Pauê tinha 18 anos e teve que reaprender a viver após o acidente
que quase o matou. Mas, de certa forma, a fatalidade foi também
responsável por transformar o garoto em homem. “Ele teve que
amadurecer na marra”, conta sua mãe, Maria Cristina. Hoje, aos 30,
o esportista, fisioterapeuta e palestrante conta sua história de
maneira bem humorada e busca levar motivação e incentivo àqueles
que, como ele, precisam diariamente superar desafios.
Aconteceu tudo muito rápido. Maria Cristina estava num curso
noturno, quando recebeu a notícia do acidente do filho primogênito.

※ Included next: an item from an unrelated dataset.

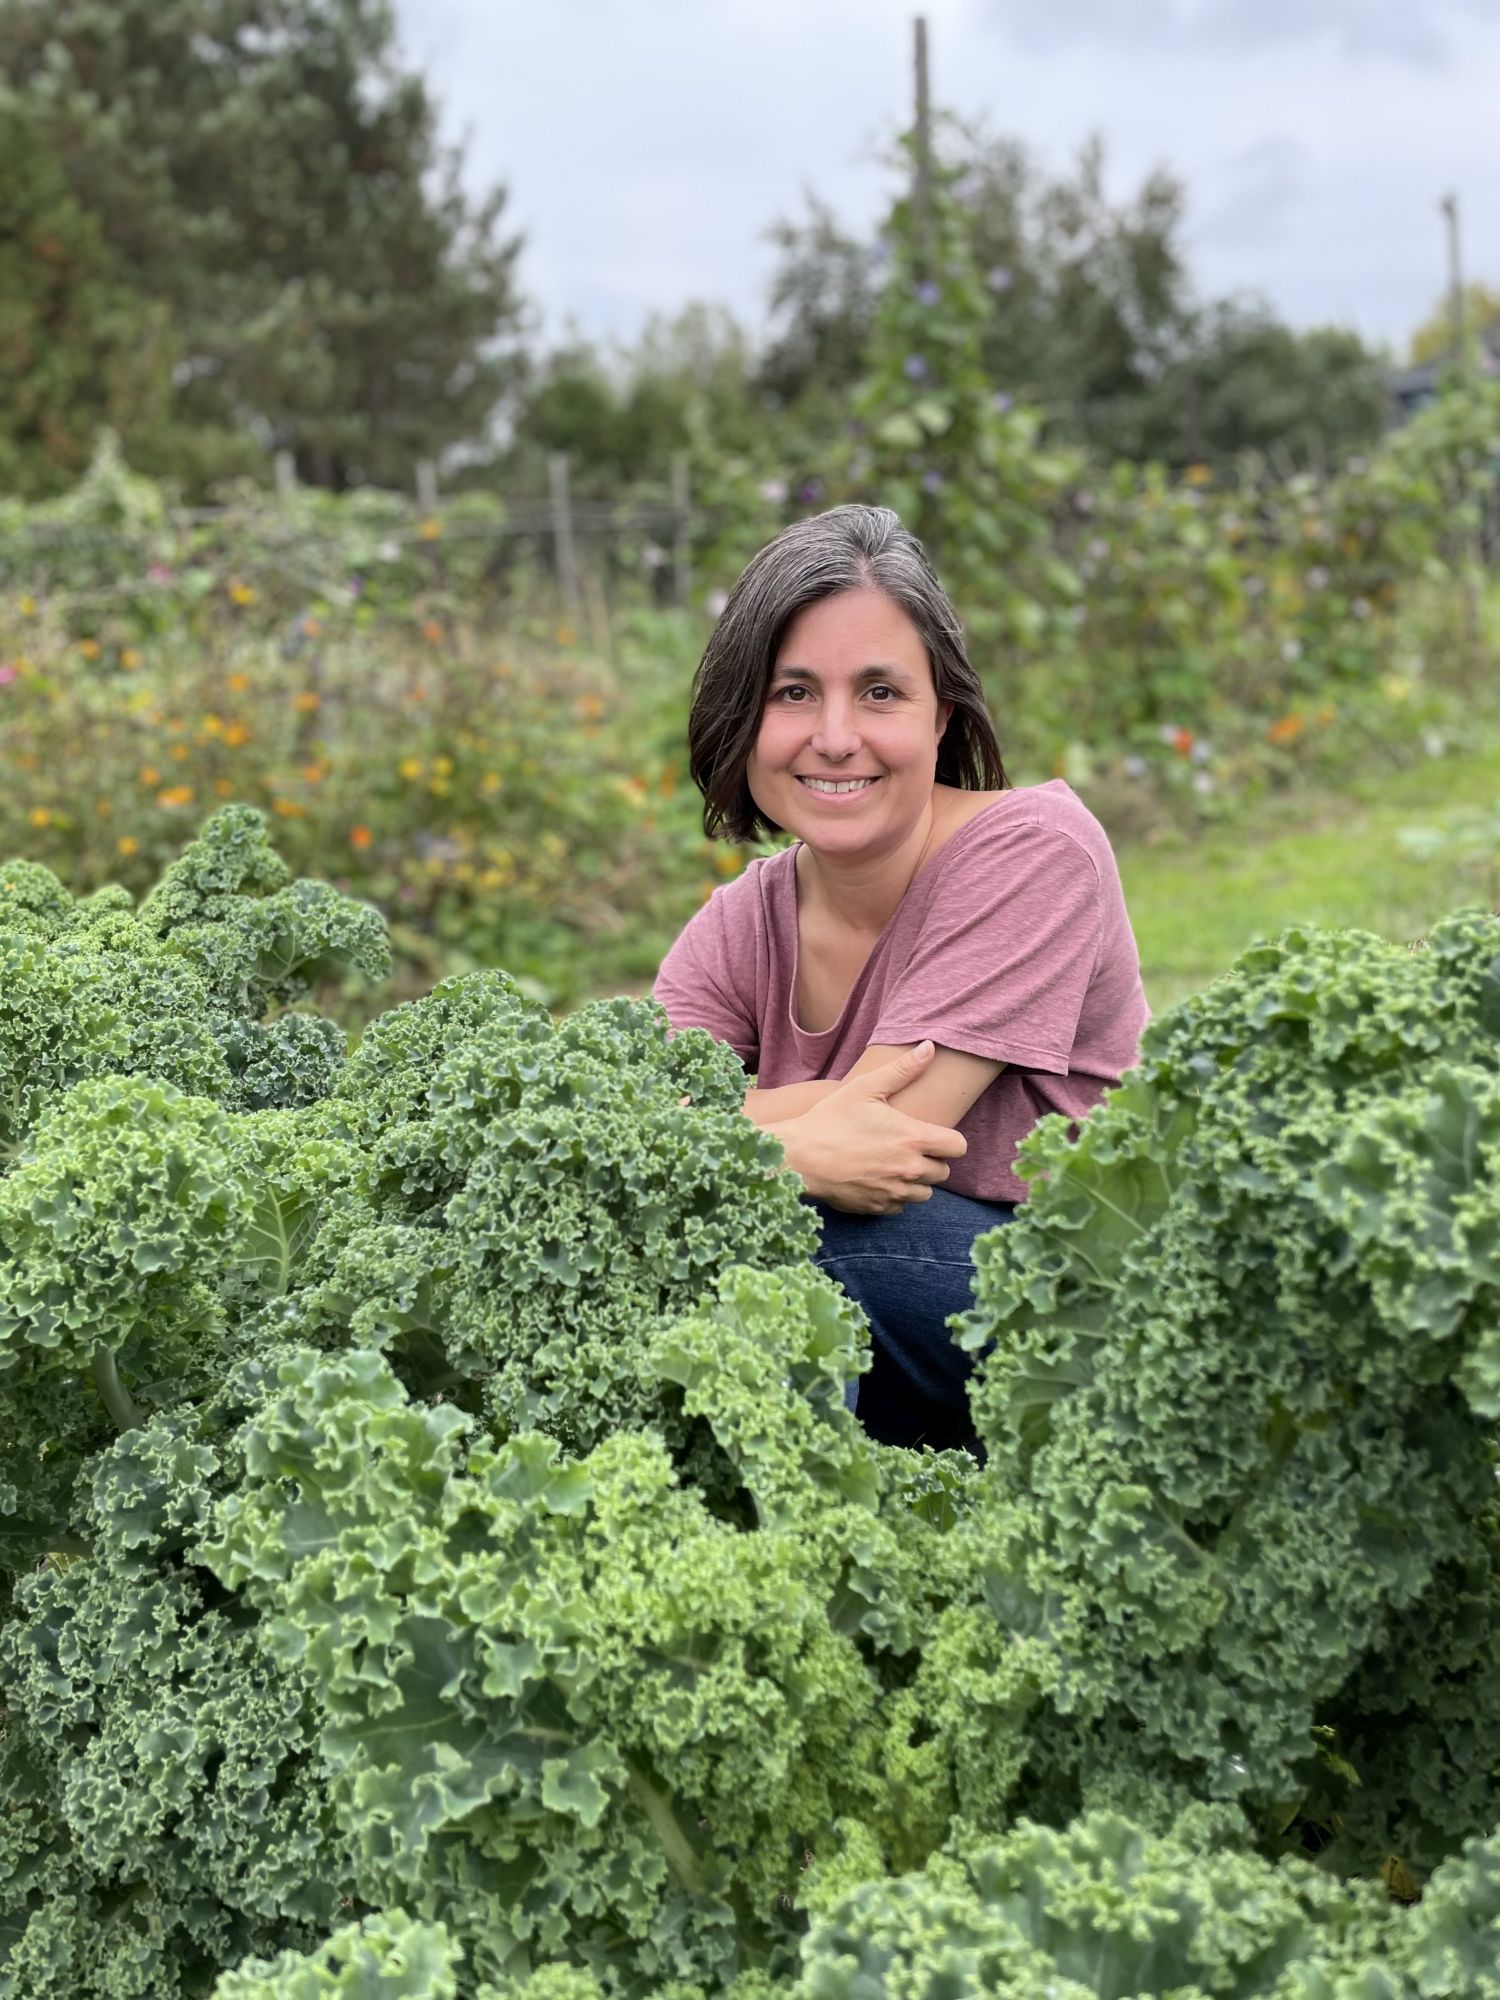 Sarah Elton, behind some kale growing in a garden

“Parecia que estava num pesadelo, aquele tipo de coisa que nunca
achamos que vai acontecer com a gente. Cheguei no hospital, encontrei
a família chorando e aí vi que o negócio era grave”. Ela estava
ao lado do filho, do ex marido Paulo e do caçula Bruno, quando os
médicos lhe contaram que Pauê havia perdido parte das pernas.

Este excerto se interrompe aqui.